The two climate change issues in my area of the world, Costa Rica in Central America, are heavier rains and deeper drought, a paradox typical of the majority of tropical countries of the world.  We have a wet season and a dry season and both are being exacerbated by global and local factors alike.

800px Arenal Volcano panorama The Paradox of Climate Change

We have lived near Lake Arenal (above) in northern Costa Rica for over 30 years and during the 80’s and 90’s the tropical llanos east of us in Guatuso were deforested to create cattle pastures and farmland. From the mid-90’s until present I’ve witnessed the clouds evaporating long before reaching the western end of the lake where we live, whereas in the early 80’s they came all the way across to us and beyond. This is one consequence of deforestation…forests generate rain clouds and so after deforestation there’s less rain falling.

Lake Arenal is host to the largest hydroelectric project in the country to date. Initially it provided 70% (currently about 17%) of the electricity needs for the nation via two turbines separately located down the hill from the lake/reservoir.

Last year in August 2010 the national electric company, ICE, was worried about how little water Lake Arenal had and that was at the height of the rainy season. This year it was lower and continues to lack water.

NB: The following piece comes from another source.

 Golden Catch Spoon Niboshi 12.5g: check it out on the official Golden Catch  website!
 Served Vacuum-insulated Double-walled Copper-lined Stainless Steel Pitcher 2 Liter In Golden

With increasing effects of climate change it seems that in the next 20 years my country should focus on getting away from hydropower rather than creating more dams with an undependable annual rainfall and forcing migration of indigenous people and wildlife.

The most recent report by the Costa Rica Meteorological Institute claims that currently climate change is costing the country US$188,000,000 annually in losses. The port city of Puntarenas is most impacted due to rising sea level but the entire country is seriously affected by rains that get heavier each year owing to global warming. When the rains fall people are buried in water before they know what’s happening, such as in this flash flood in November 2010. People stranded in their cars or drowned in their homes are almost a daily occurrence now during the rainy season.

Costa Rica has been developing wind energy projects since the mid-nineties right next to the ridge I live on. They also have a major geo-thermal plant on the Miravalles Volcano that produces approximately 8% of the national energy and in 2012 inaugurated its first major solar power plant in Bagaces, Guanacaste. These are the energy sources of the future for Costa Rica.

Costa Rica is mitigating climate change with practically carbon neutral energy technology but the increase in per capita emissions is alarming.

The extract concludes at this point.